It enables borderless, peer-to-peer financial interactions such as: 

🔹 Cryptocurrency trading

🔹 Lending

🔹 Borrowing

🔹 Liquidity farming, etc. 

DeFi uses blockchain-powered components like stablecoins, tokens, DEXes, and lending protocols to provide these services.  

🧩 Because of how all of these pieces fit together, many refer to DeFi components as “Financial Legos”

This new archetype sets the foundation for the Web3 revolution!


Dogechain Explains – Liquidity Pools 💧 

🔄 Liquidity is a fundamental part of crypto. Liquid assets are easily converted back and forth, without huge price variations or slippage.

Liquidity Pools play a crucial part in the creation of a liquid DeFi system. 

🔒 Liquidity pools are piles of digital assets that are locked in a smart contract. 

🤝 They are used to facilitate trading by providing liquidity to DEXes or lending protocols. Automated market makers (AMMs) use them to allow digital assets to be traded automatically. 

💲 The price of the tokens in the pool is determined by a mathematical formula of the AMM and depends on:

🔹 The size of the trade

🔹 The size of the pool

This means that larger pools can accommodate bigger trades without significantly moving the price.  

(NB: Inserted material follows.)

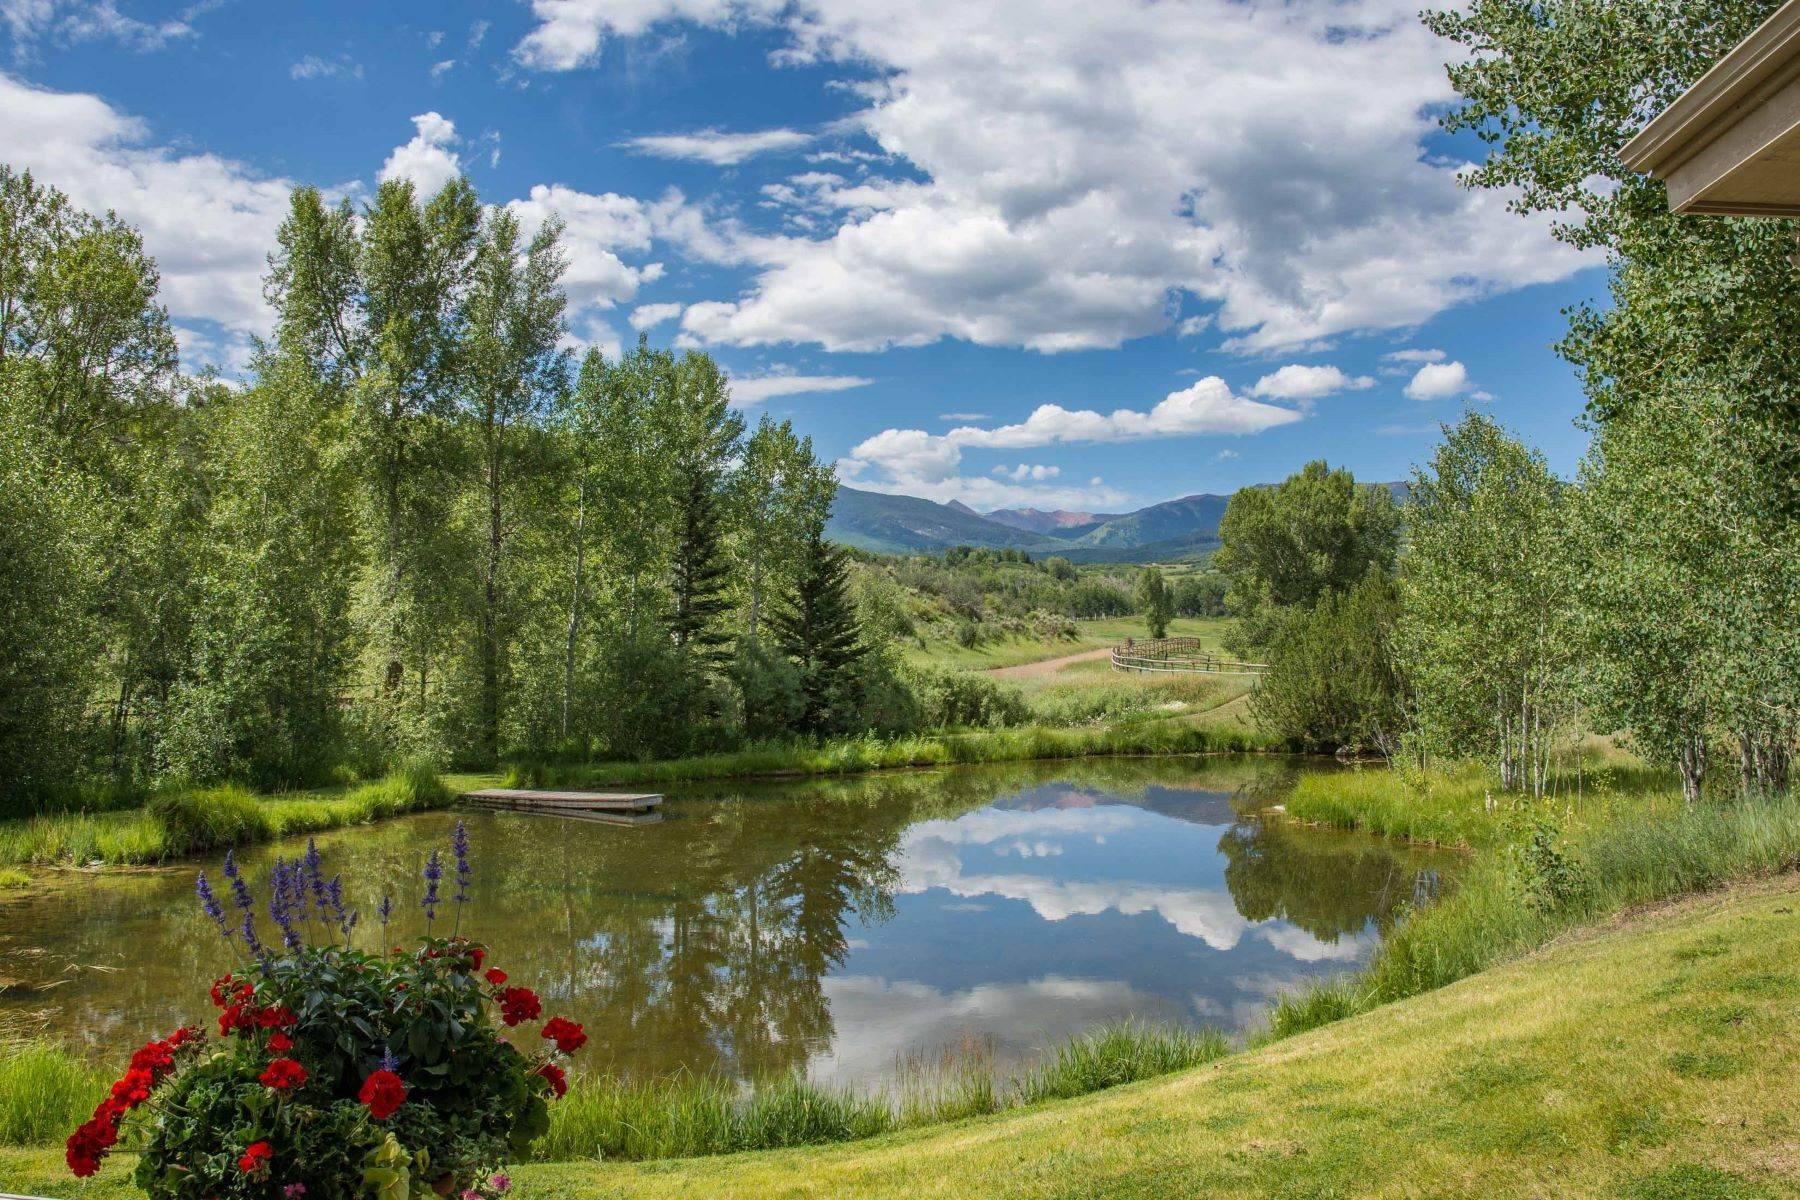 Farm and Ranch Properties for Sale at RARE and UNIQUE opportunity to own the heart of the renowned McCabe Ranch! 1321 Elk Creek & TBD McCabe Ranch Old Snowmass, Colorado 81654 United States

🐶 / 🐶 In its basic form, a liquidity pool holds 2 tokens, e.g. $wDOGE and $DC, creating a market for that pair of tokens. 

Once the market is created, users can start trading these tokens and the AMM will accommodate their trades.  

👥 Any user can become a liquidity provider (LP) by providing a 50/50 split of these tokens to the pool.

🏆 The pools provide incentives to LPs by rewarding them with a fraction of the trading fees or other rewards, proportional to the amount of liquidity they supplied.

All in all, liquidity pools are essential to the DeFi ecosystem: 

🔹 They enable decentralized trading

🔹 They allow users to make yields through their holdings.

And thanks to Dogechain’s smart contract capability, you can now provide liquidity with your $DOGE to reap the benefits. 🤑


Dogechain Explains – Cross-chain bridges ⛓ ↔️ ⛓ 

✅ Cross-chain bridges allow tokens designed for one blockchain to be used on another one. 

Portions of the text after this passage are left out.